Clarification: The 1000 instances represent the maximum capacity for scaling to 100B vertices. For initial deployment (10B vertices, 10% of target):

Initial deployment (10B vertices):
- Redis shards: 16 shards
- Replicas: 2 per shard
- Total nodes: 16 × (1 + 2) = 48 nodes
- Memory per node: 128 GB
- Total memory: 48 × 128 GB = 6.1 TB (sufficient for 10B vertices)

Full-scale deployment (100B vertices):
- Redis shards: 160 shards (10× initial)
- Replicas: 2 per shard
- Total nodes: 160 × (1 + 2) = 480 nodes
- Memory per node: 128 GB
- Total memory: 480 × 128 GB = 61.4 TB (sufficient for 100B vertices)

Reserved capacity: 1000 - 480 = 520 instances (for headroom)

Assessment: 1000 instances provide 2× headroom for scaling or higher replication factor.

Placement Groups

Strategy: Cluster placement groups within each AZ

# Create placement groups for low-latency communication
aws ec2 create-placement-group \
  --group-name redis-hot-tier-us-west-2a \
  --strategy cluster \
  --region us-west-2

aws ec2 create-placement-group \
  --group-name redis-hot-tier-us-west-2b \
  --strategy cluster \
  --region us-west-2

aws ec2 create-placement-group \
  --group-name redis-hot-tier-us-west-2c \
  --strategy cluster \
  --region us-west-2

Benefits:

Low-latency network: <1ms intra-placement-group
High bandwidth: 25 Gbps per flow within placement group
Reduced cross-AZ traffic (placement hints keep related vertices in same AZ)

Limitation:

Maximum instances per placement group: 500 (AWS limit)
Solution: Split large AZ deployments into 2 placement groups

Placement Group Strategy (for 334 instances per AZ):

AZ us-west-2a:
├── Placement Group 1: 167 instances (Redis shards 0-79)
└── Placement Group 2: 167 instances (Redis shards 80-159)

AZ us-west-2b:
├── Placement Group 1: 167 instances (Redis shards 0-79 replicas)
└── Placement Group 2: 166 instances (Redis shards 80-159 replicas)

AZ us-west-2c:
├── Placement Group 1: 167 instances (Redis shards 0-79 replicas)
└── Placement Group 2: 166 instances (Redis shards 80-159 replicas)

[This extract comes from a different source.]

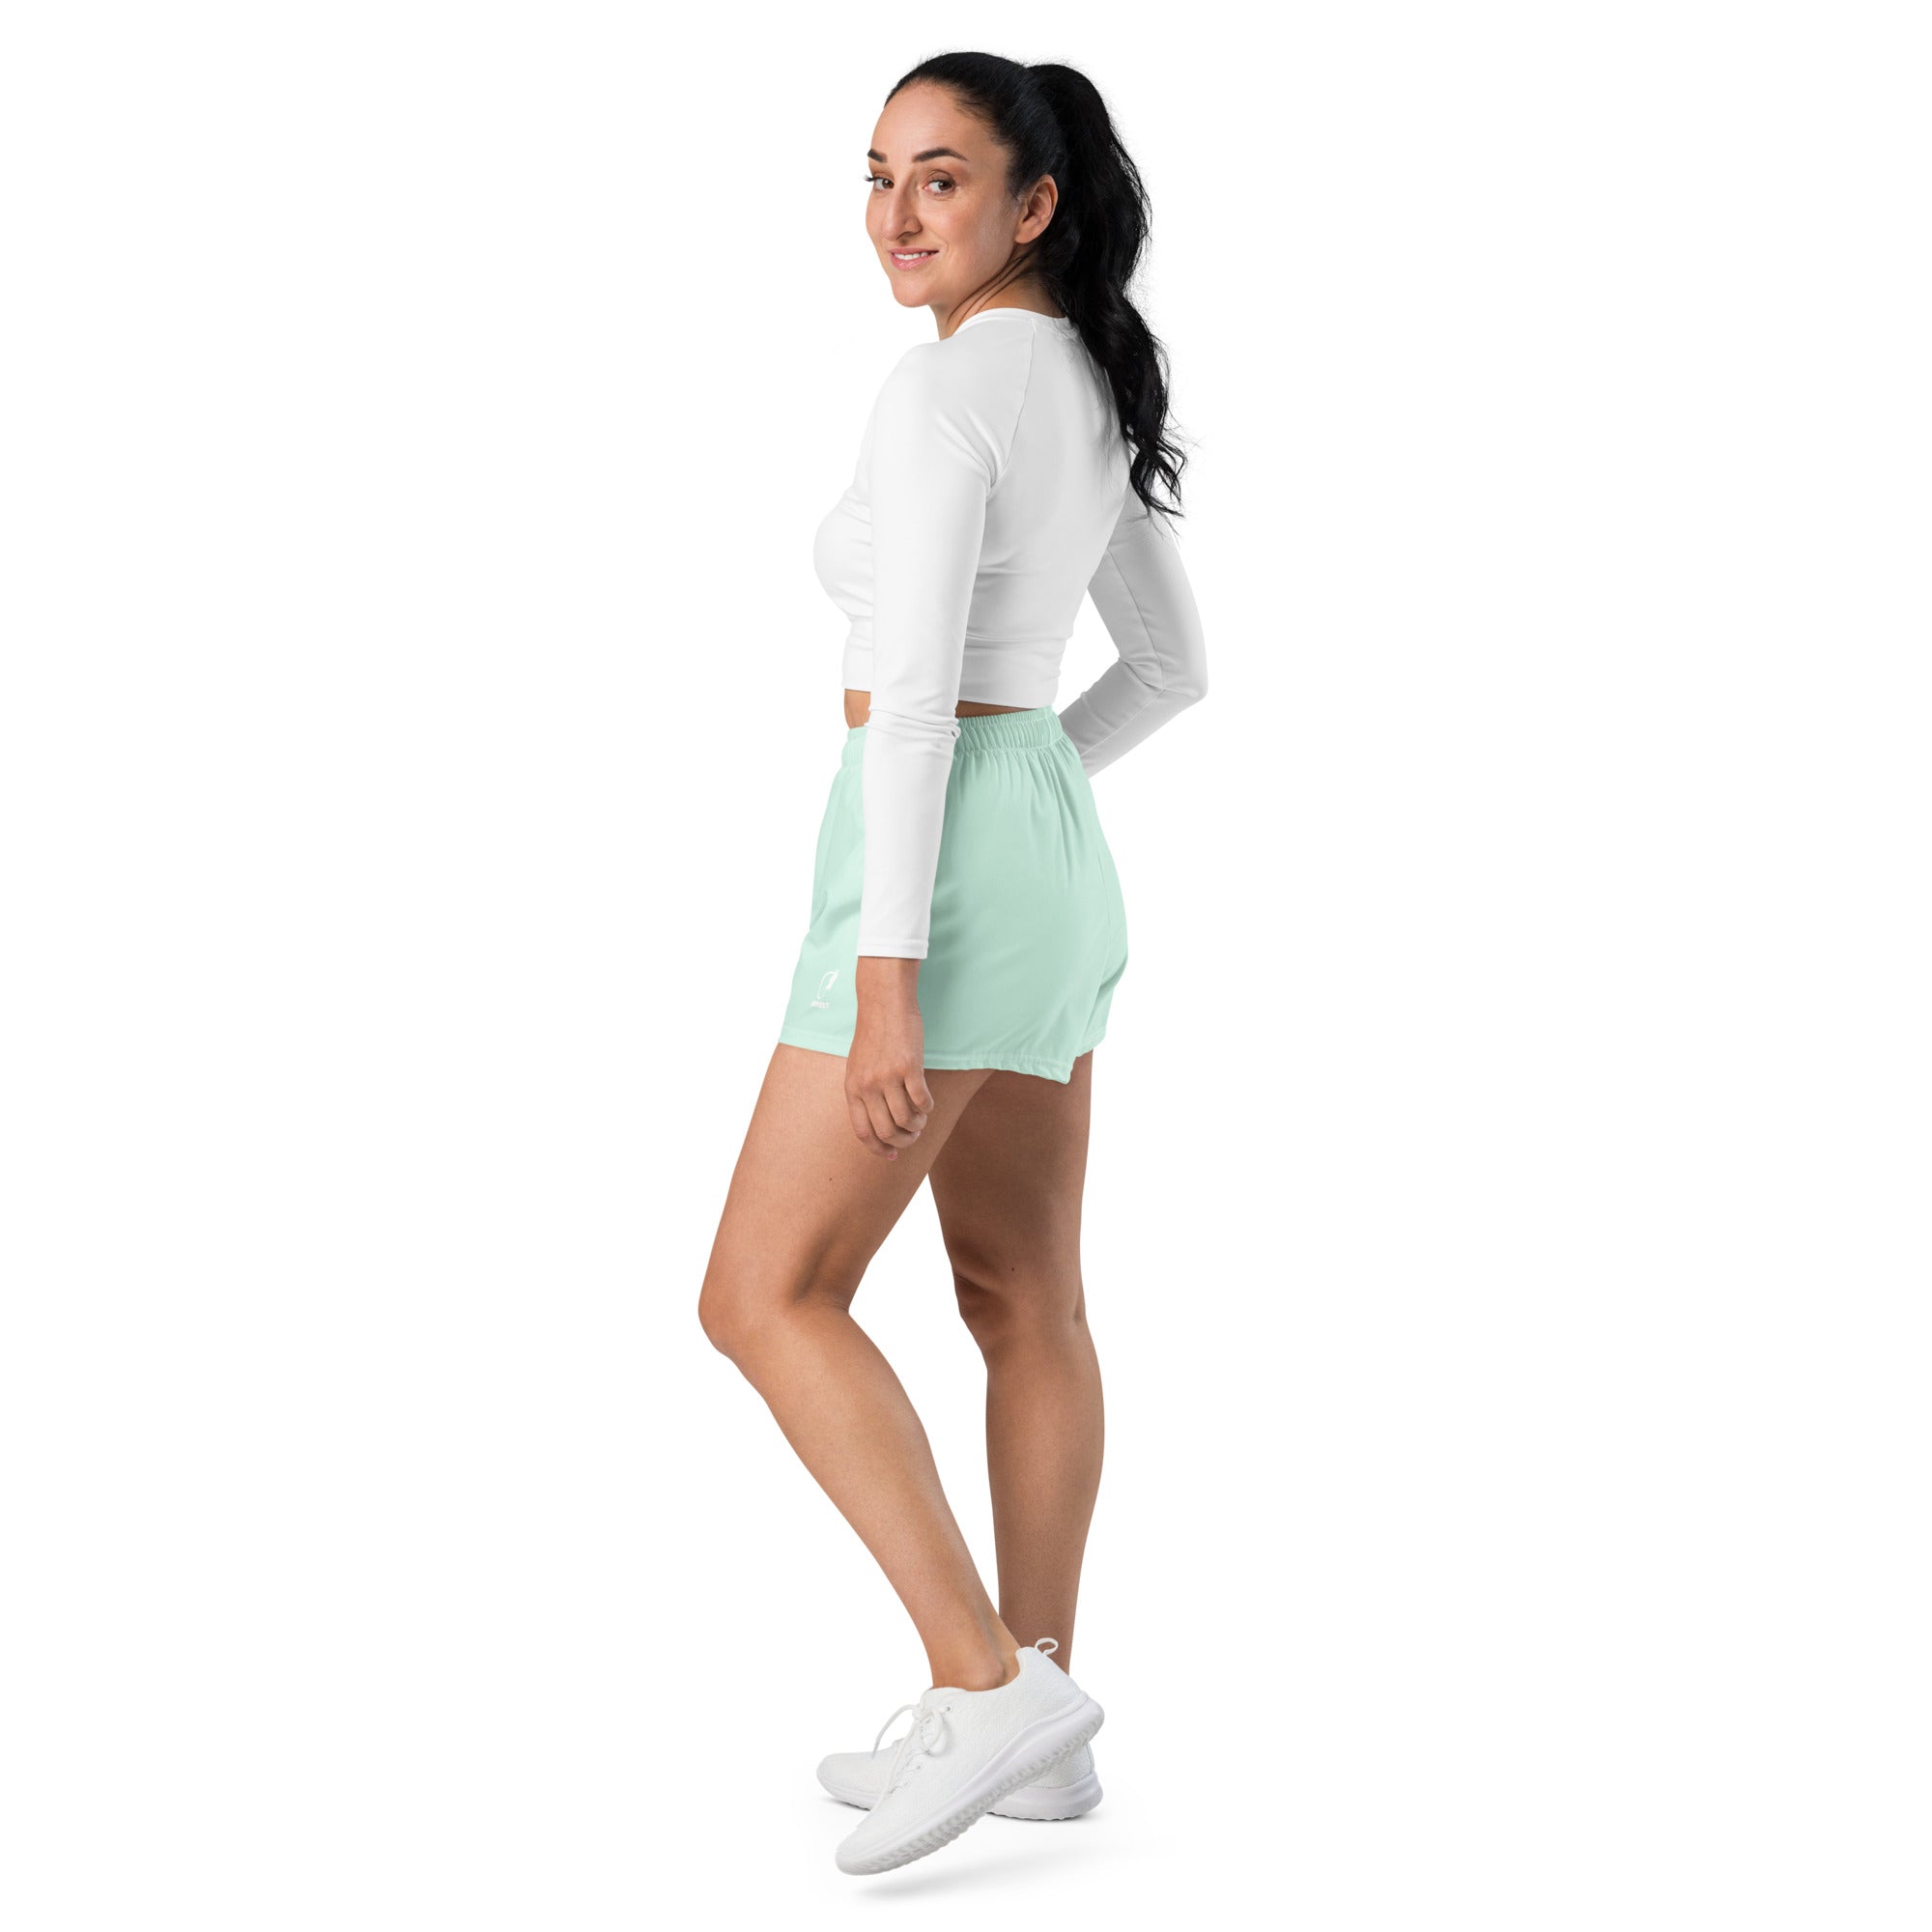 Mint Women’s Recycled Athletic Shorts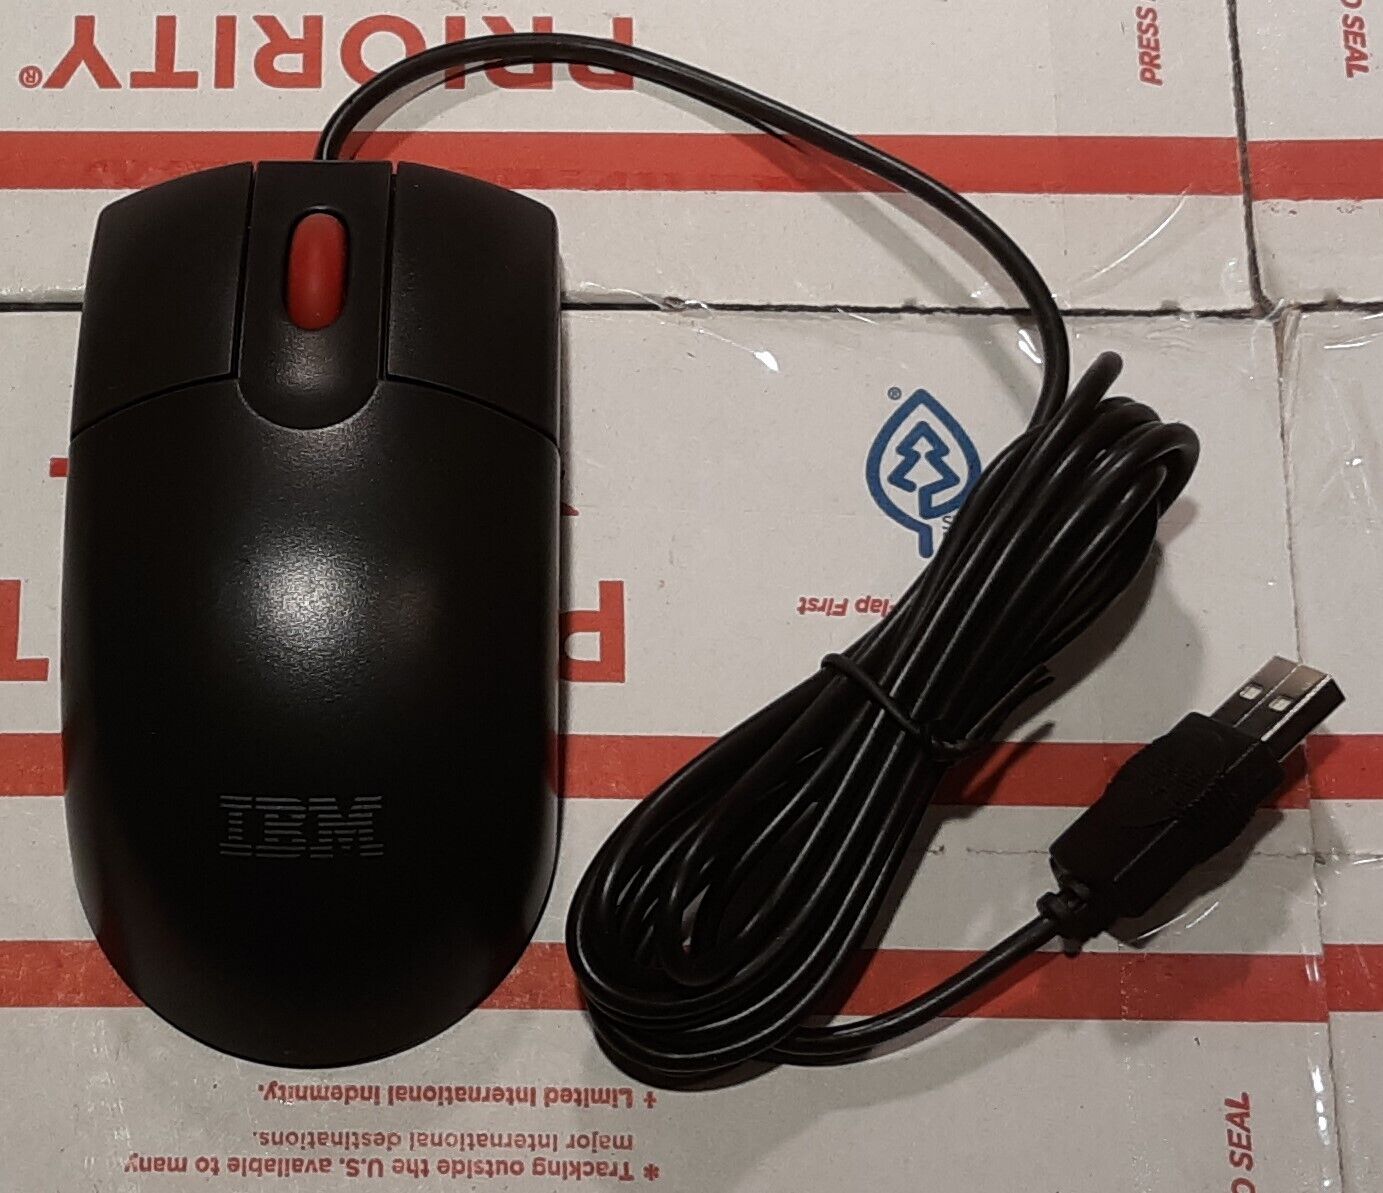 New, Vintage iBM #MO28UO 3 Button USB Optical Wheel Mouse. Tested.

Proxy Nodes (1000 Instances)

Instance Type: c6i.2xlarge (compute-optimized)

Specifications:

vCPU: 8 (Intel Xeon Ice Lake)
Memory: 16 GB
Network: 10 Gbps baseline, 12.5 Gbps burst
Cost: $0.34/hour on-demand, $0.17/hour reserved (3-year)

Deployment Strategy:

Total: 1000 instances
├── AZ us-west-2a: 334 instances
├── AZ us-west-2b: 333 instances
└── AZ us-west-2c: 333 instances

Each proxy manages: 64 partitions (from RFC-057 update)
Total partitions: 1000 × 64 = 64,000 partitions

Placement Groups (same strategy as Redis):

AZ us-west-2a:
├── Placement Group 1: 167 instances (proxies 0-166)
└── Placement Group 2: 167 instances (proxies 167-333)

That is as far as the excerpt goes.